*** INFORMATION PROVIDED Section Begins ***

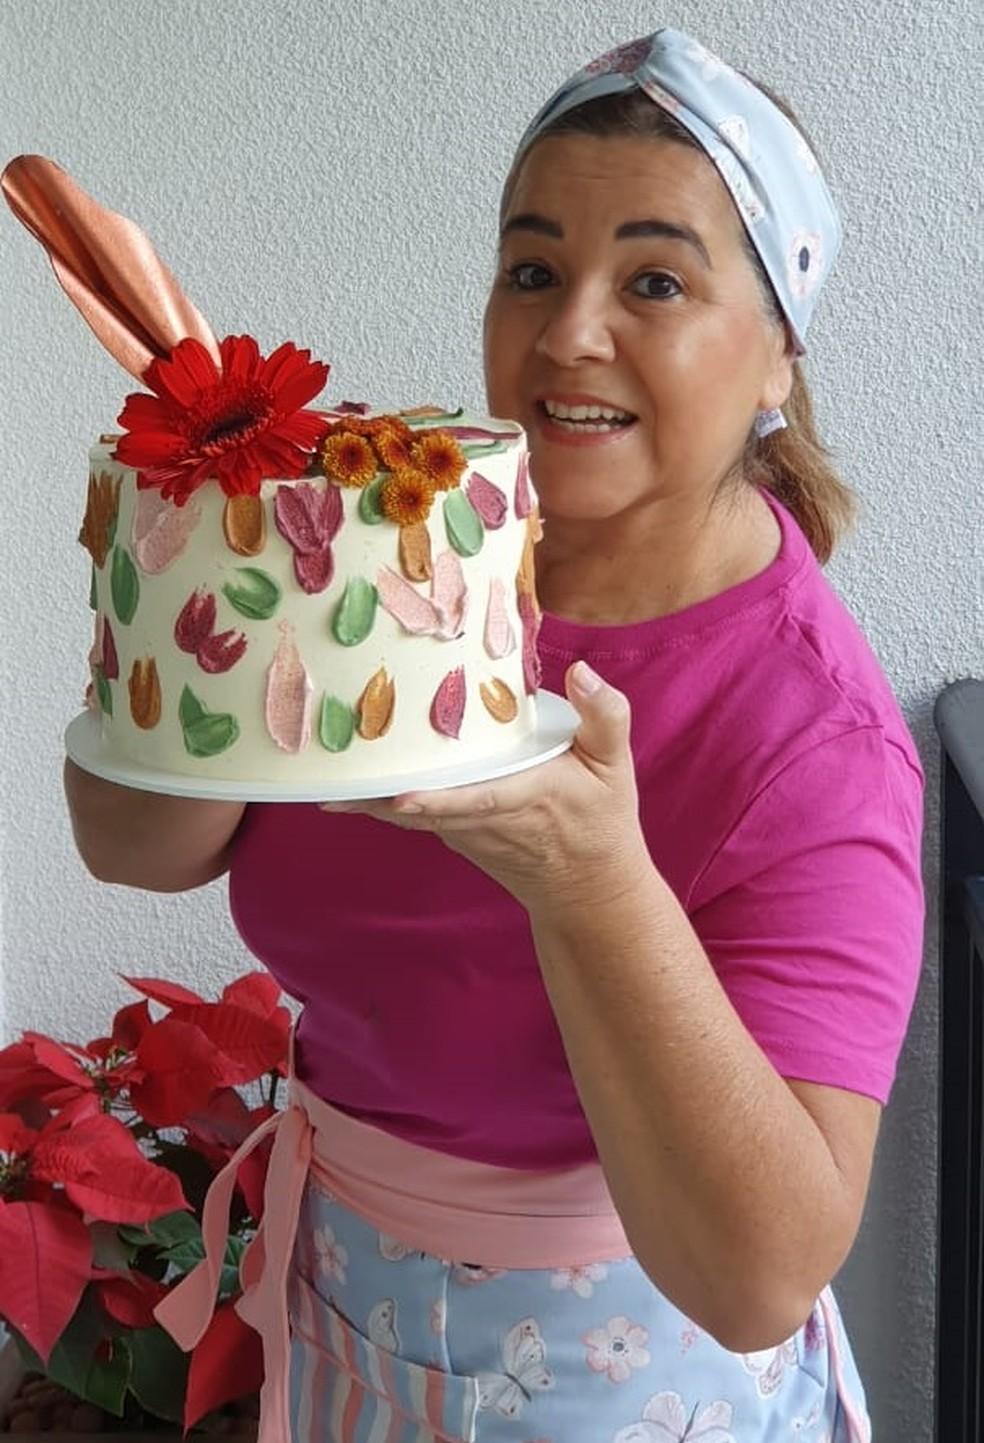 Ana Cristina fez um curso para aprender a fazer bolos artísticos e está faturando com as vendas — Foto: Arquivo pessoal
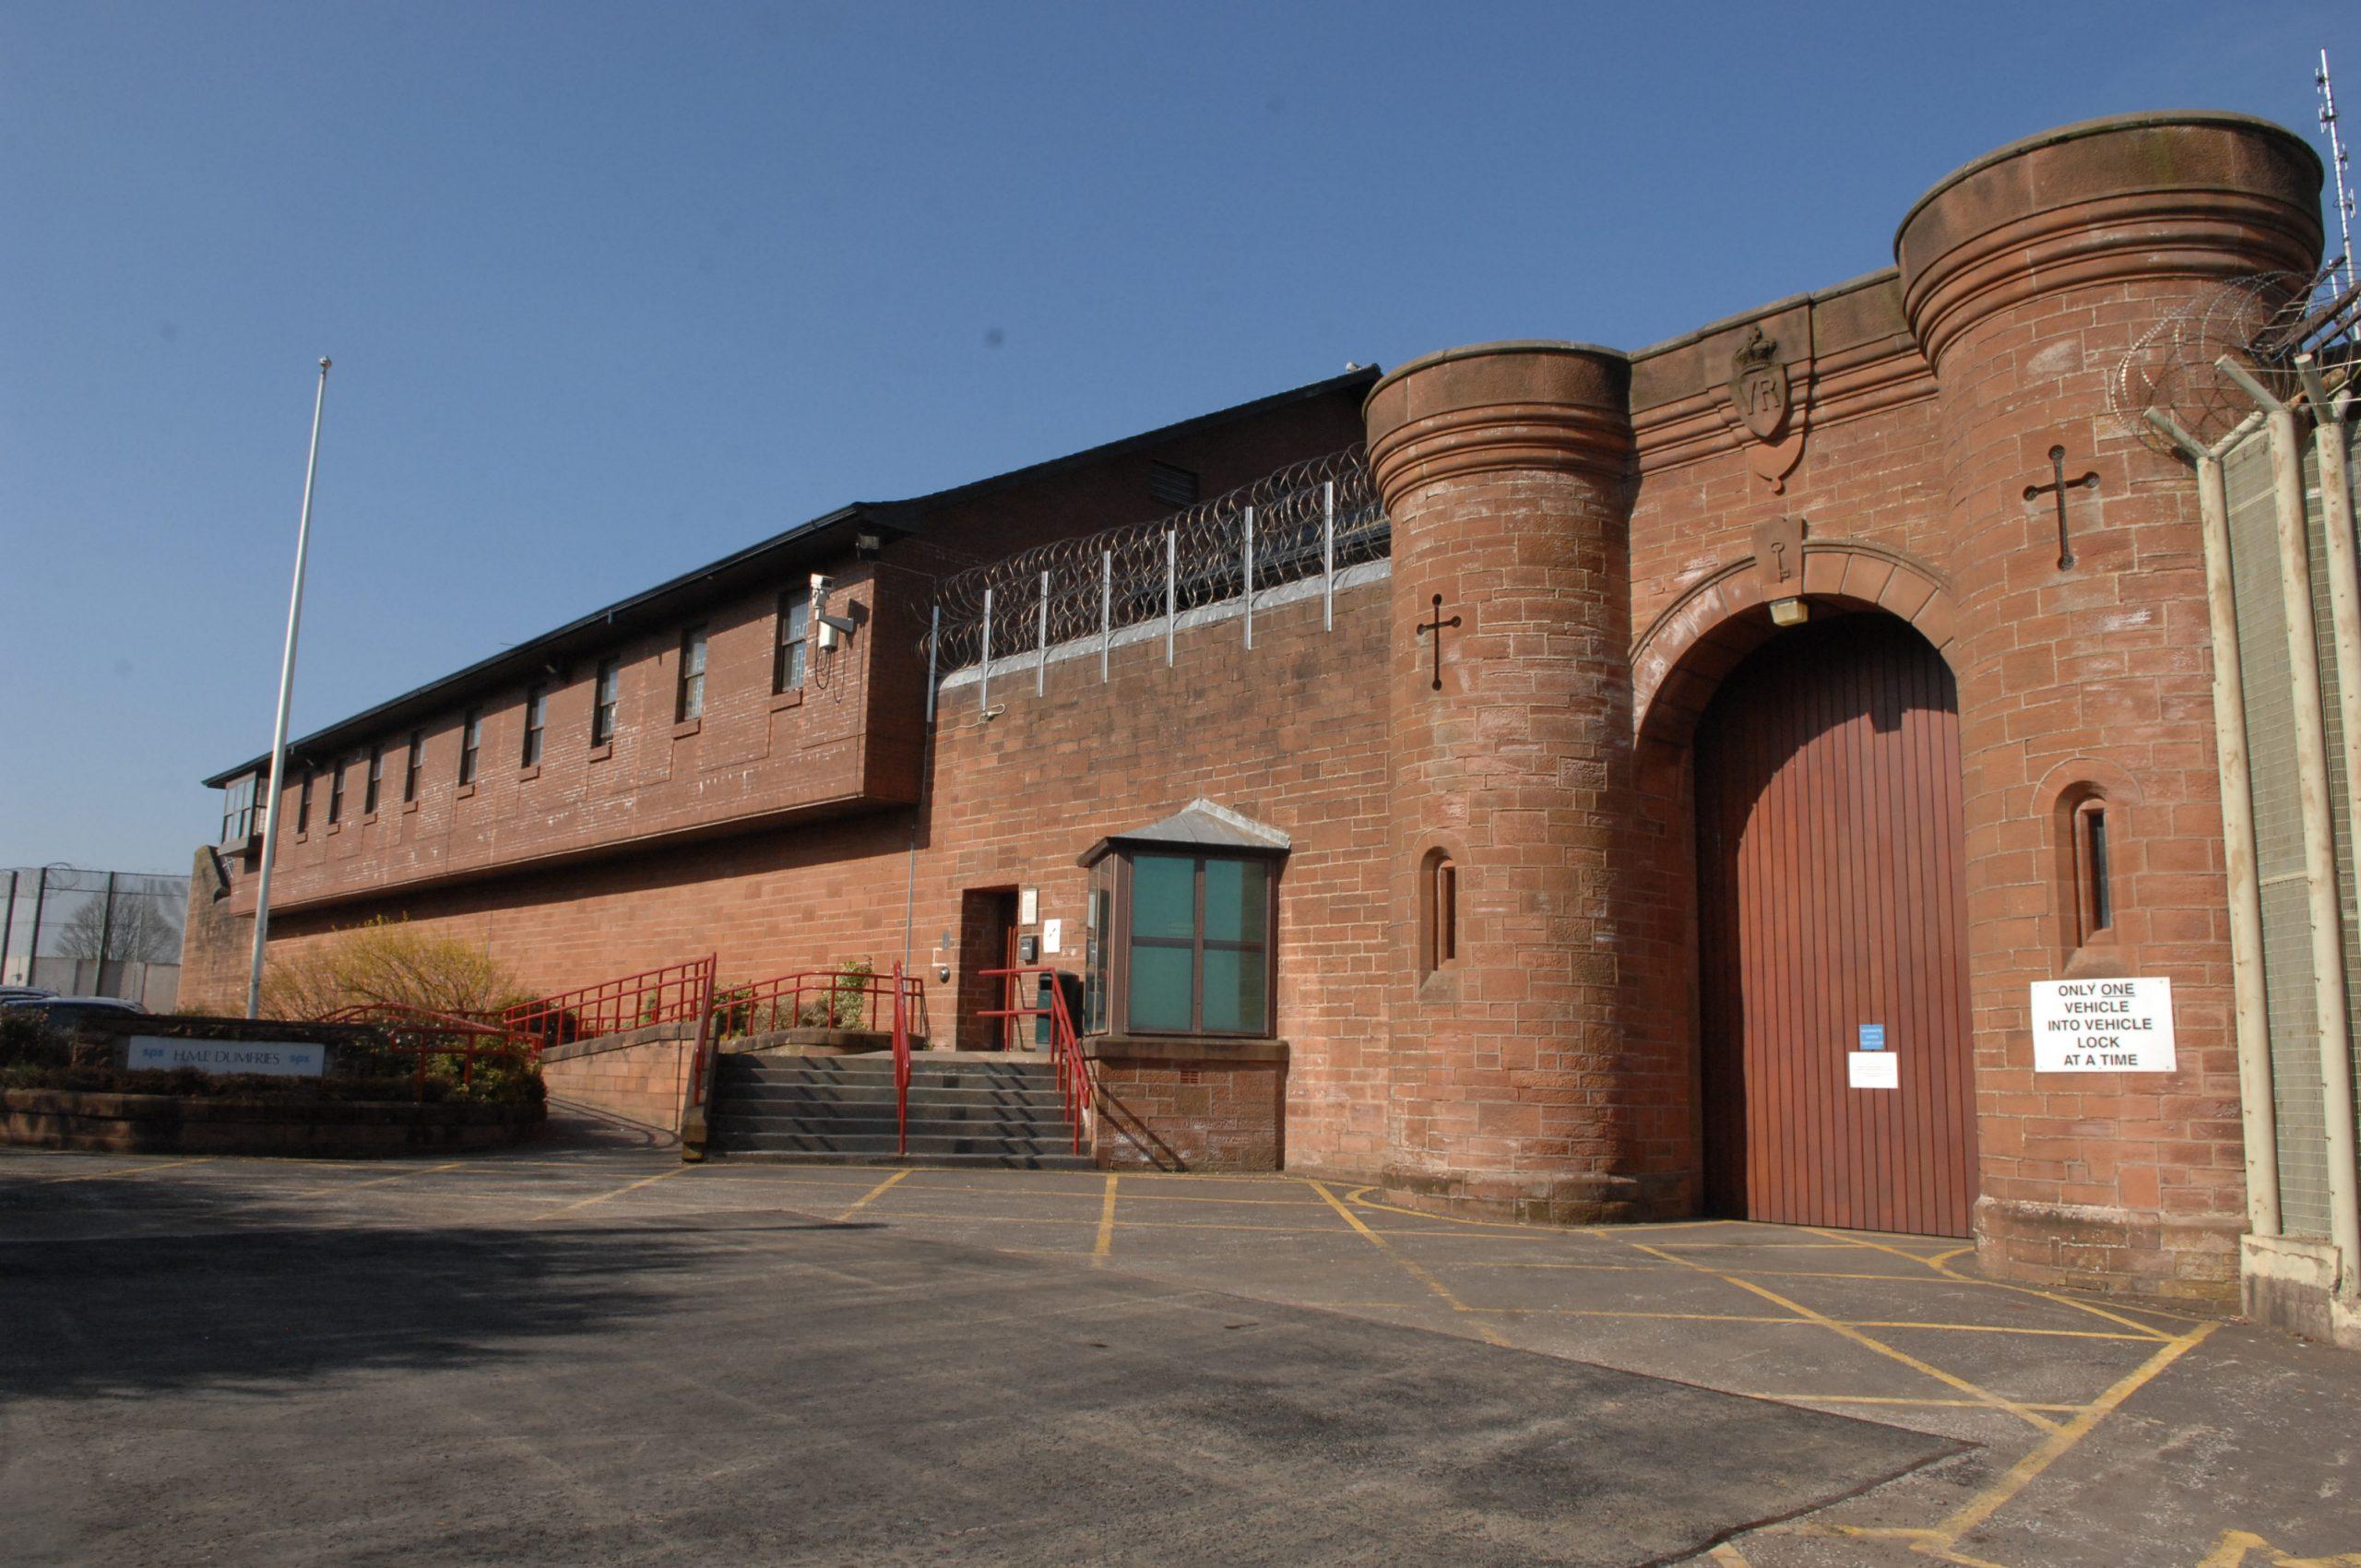 Praise for 'slick' prison
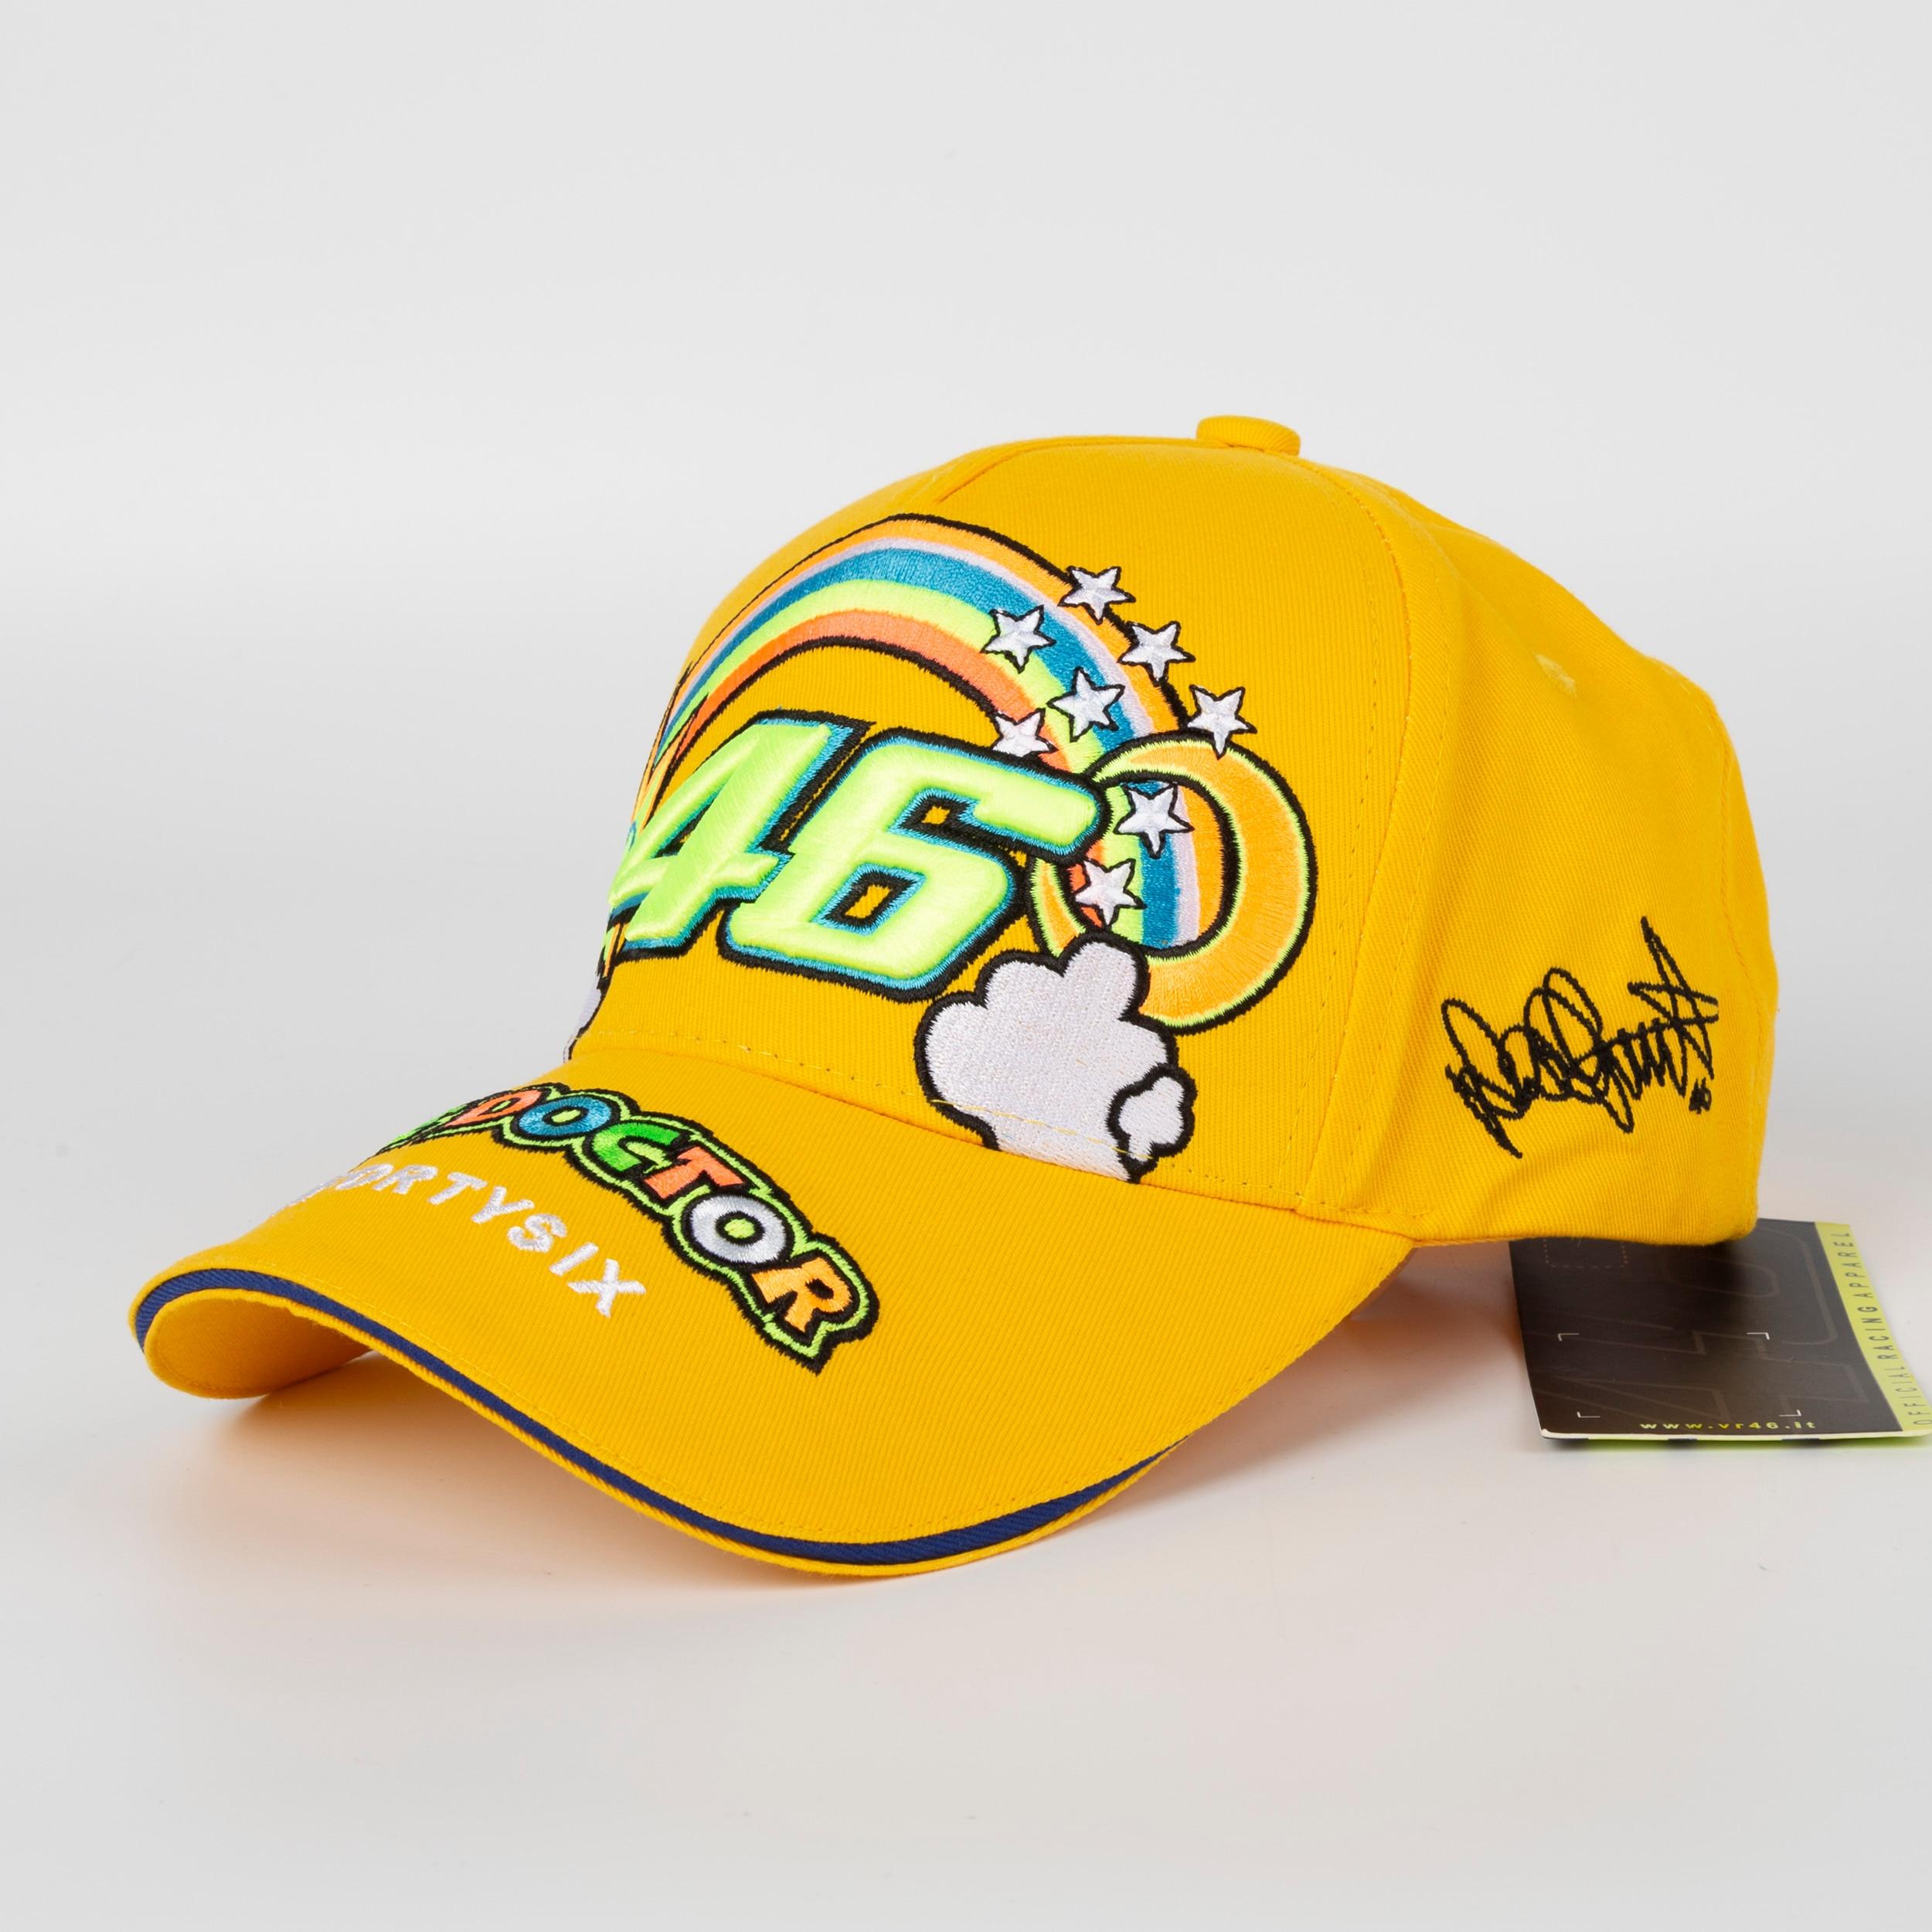 Gorra de béisbol con Velcro para hombre y mujer, sombrero de béisbol de alta calidad con Velcro para motocicleta, algodón lavado, para MOTO GP F1

*** INFORMATION PROVIDED Section Ends ***

● **ACTIVITY**
Could you transcribe the material above exactly, keeping every picture out?

● **ANSWER TO THIS PROBLEM**
 Ana Cristina fez um curso para aprender a fazer bolos artísticos e está faturando com as vendas — Foto: Arquivo pessoal
 Praise for 'slick' prison
 Gorra de béisbol con Velcro para hombre y mujer, sombrero de béisbol de alta calidad con Velcro para motocicleta, algodón lavado, para MOTO GP F1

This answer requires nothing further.